Conservative therapy

Until the risk of PE is ruled out, the patient must remain in bed. Prolonged stay in bed for more than 7-10 days lowers the rate of blood circulation, therefore, after removing the edema, eliminating the risk of floating thrombosis, dosed walking is recommended, performing therapeutic exercises to improve venous outflow.

An effective measure for the prevention of varicose veins is the use of elastic compression. The patient applies the imposition of a compression bandage.
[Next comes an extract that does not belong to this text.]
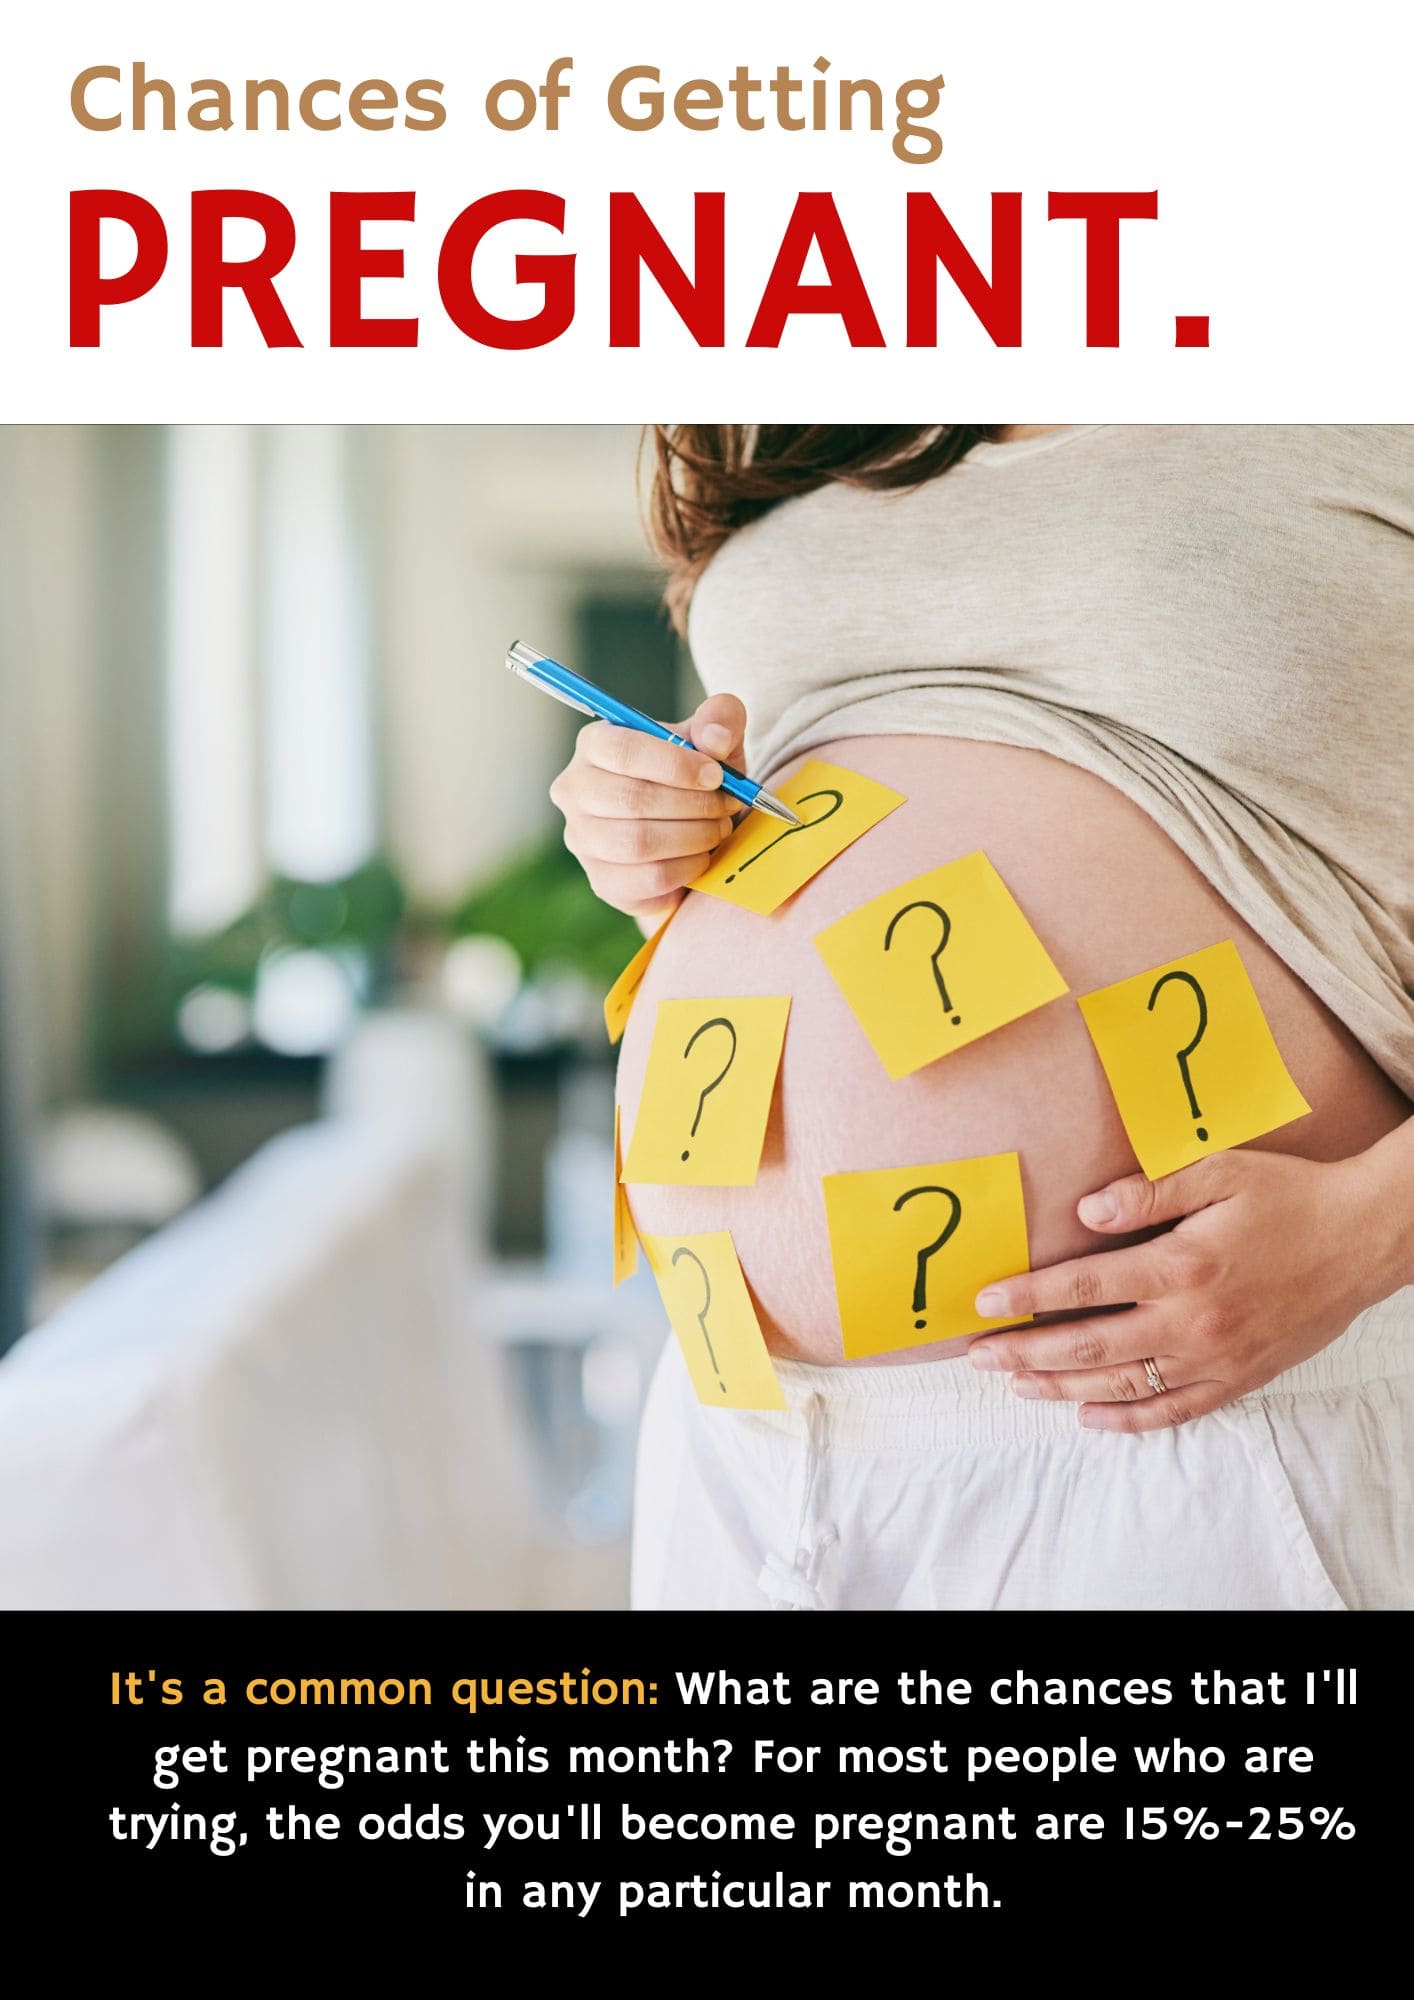 Chances of Getting PREGNANT.
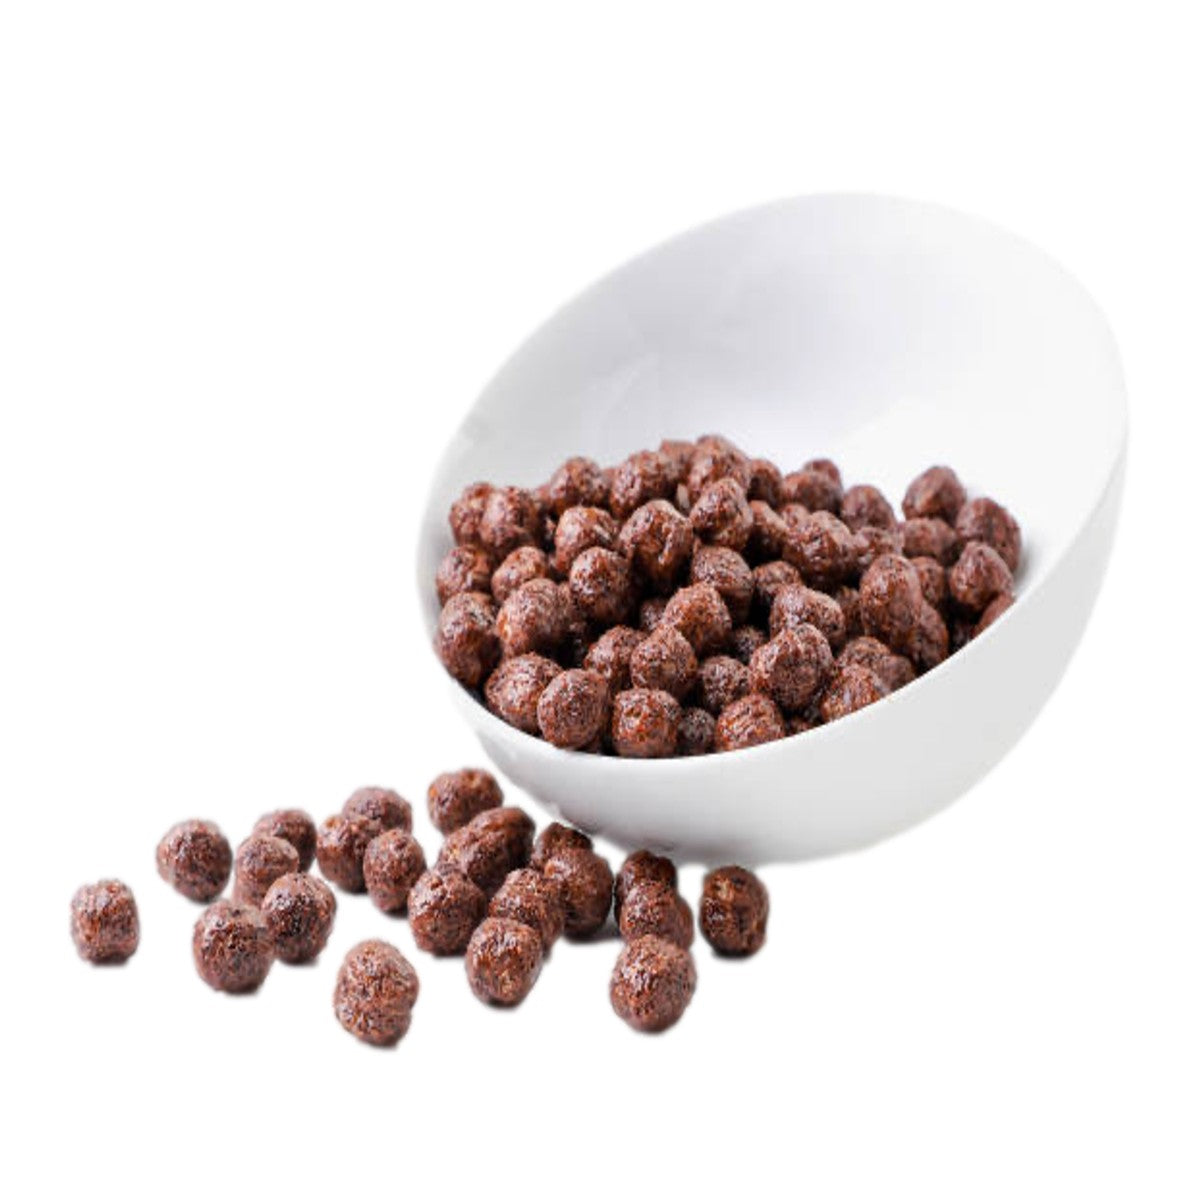 Delta 8 Cereal Chocolate balls cereal

The patient is prescribed anticoagulants, hemorheologically active agents. If required, then NSAIDs, with a high risk of sepsis – antibiotics, ointments for local treatment.

Therapy with drugs – groups of drugs:

It is forbidden to use warming ointments and compresses that increase blood flow.

Operative therapy

Thrombosis of the inferior vena cava

The goal of surgical intervention for thrombosis of the inferior vena cava is to restore the lumen of the vessel, preventing pulmonary embolism. Thrombectomy is used to solve these problems.

In cases where there are contraindications to radical surgery, palliative interventions are used to prevent PE:

  • Endovascular operations;

  • Ligation of deep veins;

  • Plication of the inferior vena cava;

  • Implantation of cava filters.

These methods can be combined or used in isolation, independently of each other. In a serious condition of the patient, aggravated by somatic diseases and age-related changes in the body, preference is given to minimally invasive interventions.

Thrombosis of the inferior vena cava is a complex pathology with an unpredictable prognosis. At the first signs of the disease, you should seek qualified medical help.